Le chef de la diplomatie française, Alain Juppé, a pour la première fois samedi proposé un dialogue aux mouvements islamistes dans le monde arabe dès lors qu'ils appliquent les règles du jeu démocratique et refusent toute violence.

«Nous devons parler, échanger nos idées avec tous ceux qui respectent les règles du jeu démocratique et bien sûr le principe fondamental du refus de toute violence», a-t-il déclaré en clôturant un colloque sur «Le printemps arabe», organisé par son ministère à l'Institut du monde arabe à Paris.
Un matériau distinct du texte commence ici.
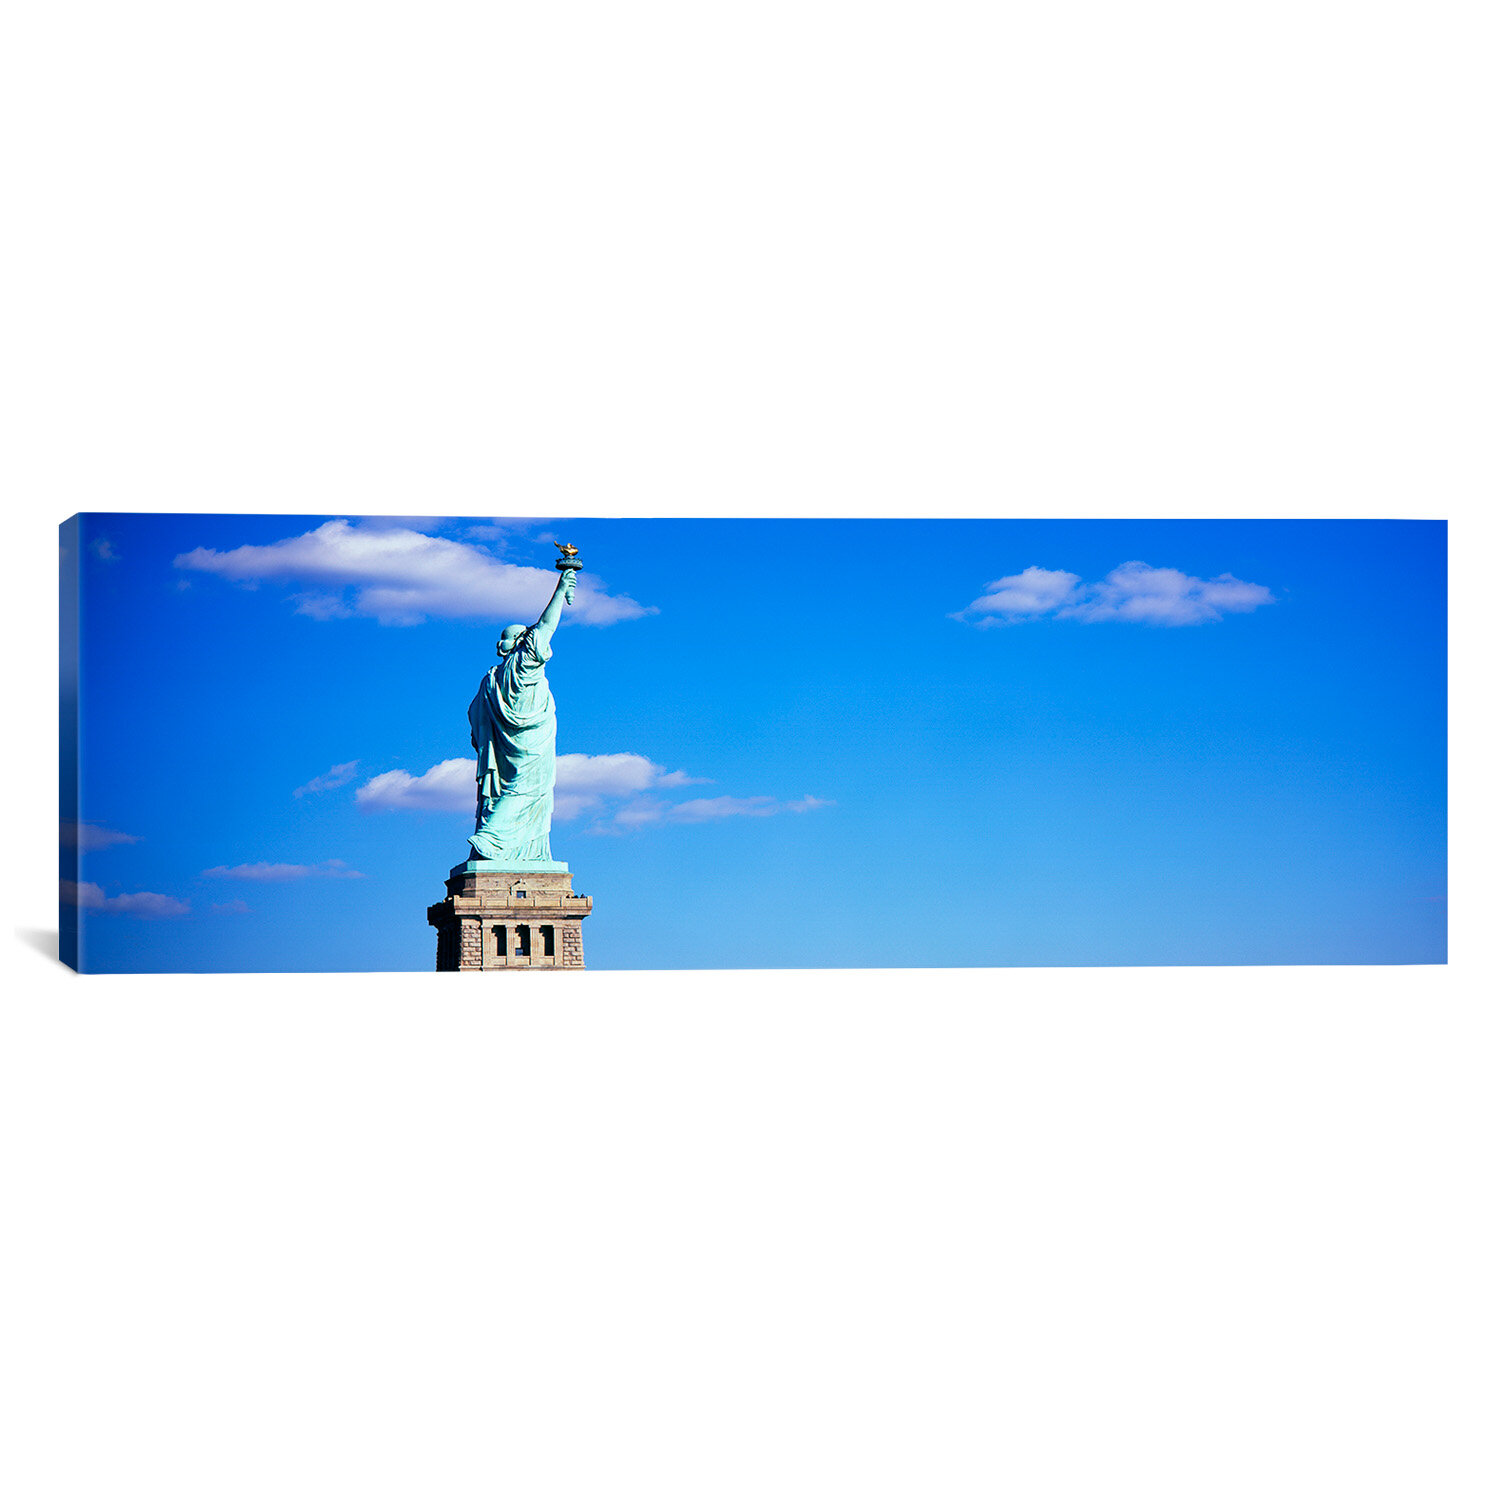 Statue of Liberty, as viewed from Liberty State Park. - Picture of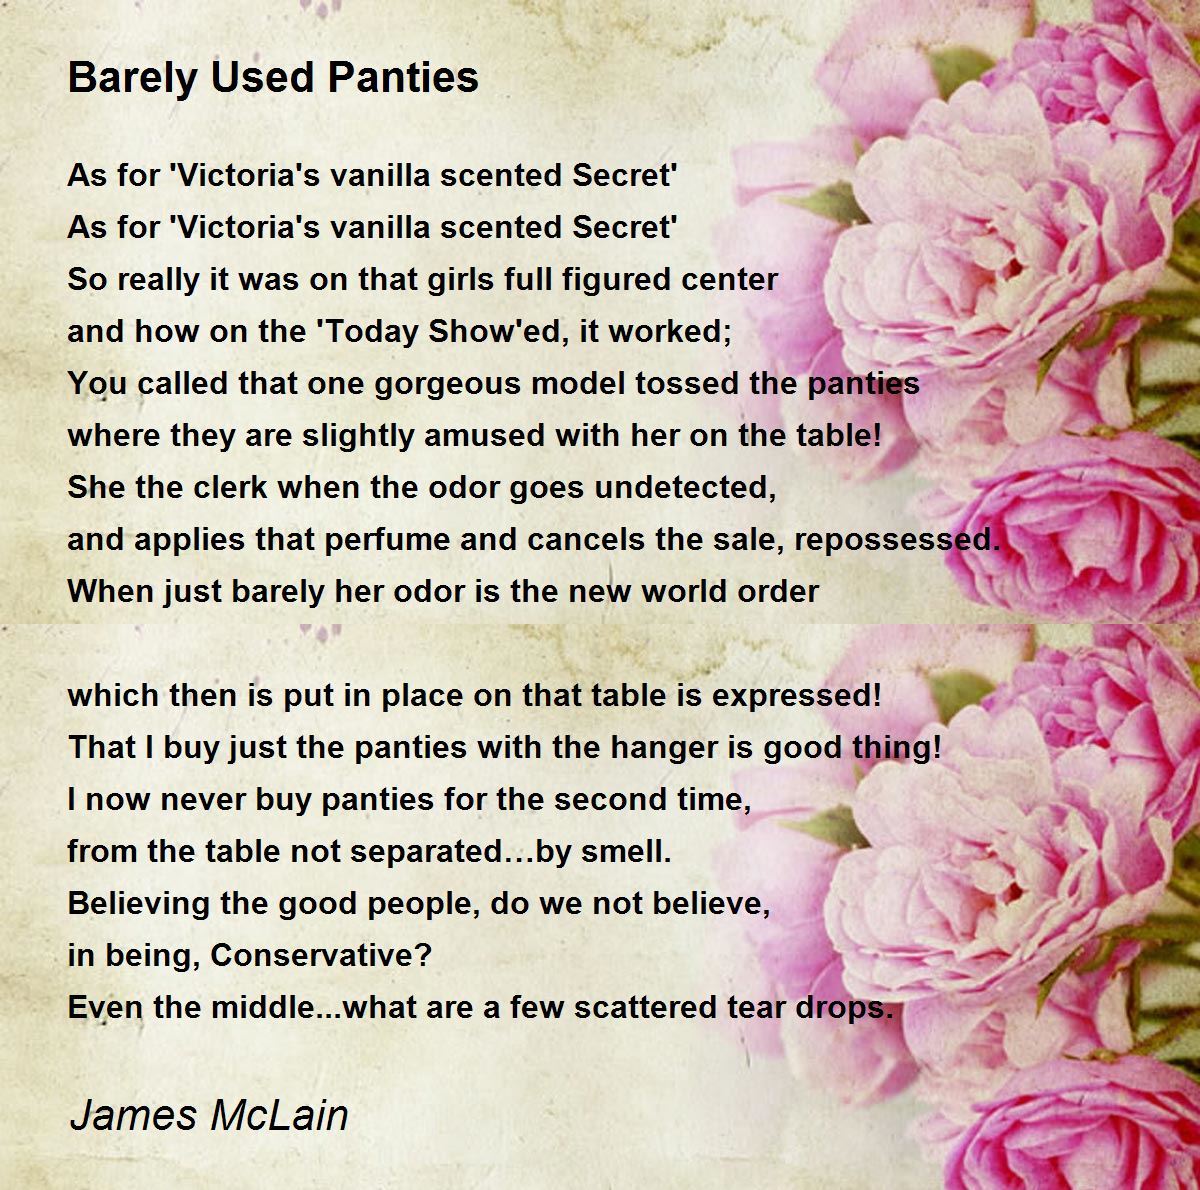 Barely Used Panties - Barely Used Panties Poem by James McLain

«Ce dialogue, je souhaite qu'il s'ouvre sans complexe avec les courants islamiques dès lors que les principes que je viens d'évoquer, les règles du jeu démocratique, sont respectés», a ajouté le ministre.

Selon une source diplomatique, cette prise de position d'Alain Juppé, qui voulait parler de courants «islamistes» et non islamiques, est radicalement nouvelle pour la politique de la France à l'égard du monde arabe. «La France est ouverte au dialogue avec tous les acteurs du jeu démocratique» dans les pays en révolution, a précisé ce diplomate.

À propos d'intervenants égyptien et tunisien, membres du parti islamiste Ennahda, qui ont déclaré que les islamistes allaient «surprendre» l'Occident par leurs prises de positions en faveur de la démocratie et réclamé une «légalité totale» pour leur mouvement, Alain Juppé a répondu: «Chiche !"

«Surprenez-nous, je ne demande que cela. Nous allons nous aussi vous surprendre. Parce que nous ne sommes pas du tout dans une disposition d'esprit qui consiste à stigmatiser le monde musulman ou la religion musulmane mais bien au contraire de dialoguer avec elle. Je vais vous faire une proposition: parlons ensemble de ce que c'est que la laïcité», a lancé Alain Juppé.

«Peut-être pourrons-nous nous retrouver sur un terrain commun», a-t-il précisé.

Un peu plus tôt, Mohamed Ben Salem, membre du parti tunisien Ennahda, avait indiqué que son mouvement avait exigé «une parité des listes entre hommes et femmes» aux prochaines élections. «Nous allons surprendre», a-t-il ajouté.

«Nous sommes pour la démocratie, pour les libertés publiques et privées» et «toutes les familles islamiques sont désormais convaincues d'accepter la démocratie», a assuré Mohamed Ben Salem.

Se présentant comme un Frère musulman, Mohamed Affan, du parti égyptien Ennahda, avait fait valoir qu'«il ne pouvait y avoir de système politique démocratique sans participation des islamistes». «Nous voulons que le mouvement des Frères musulmans ait sa légalité totale, de manière à assurer une transparence complète et éviter les malentendus», a-t-il précisé.

Comme son homologue tunisien, Mohamed Affan a appelé à assurer au sein du mouvement des Frères musulmans «les pleins pouvoirs à la femme et à la jeunesse». «Il faut que les jeunes conservent leur enthousiasme», a renchéri Mohamed Ben Salem.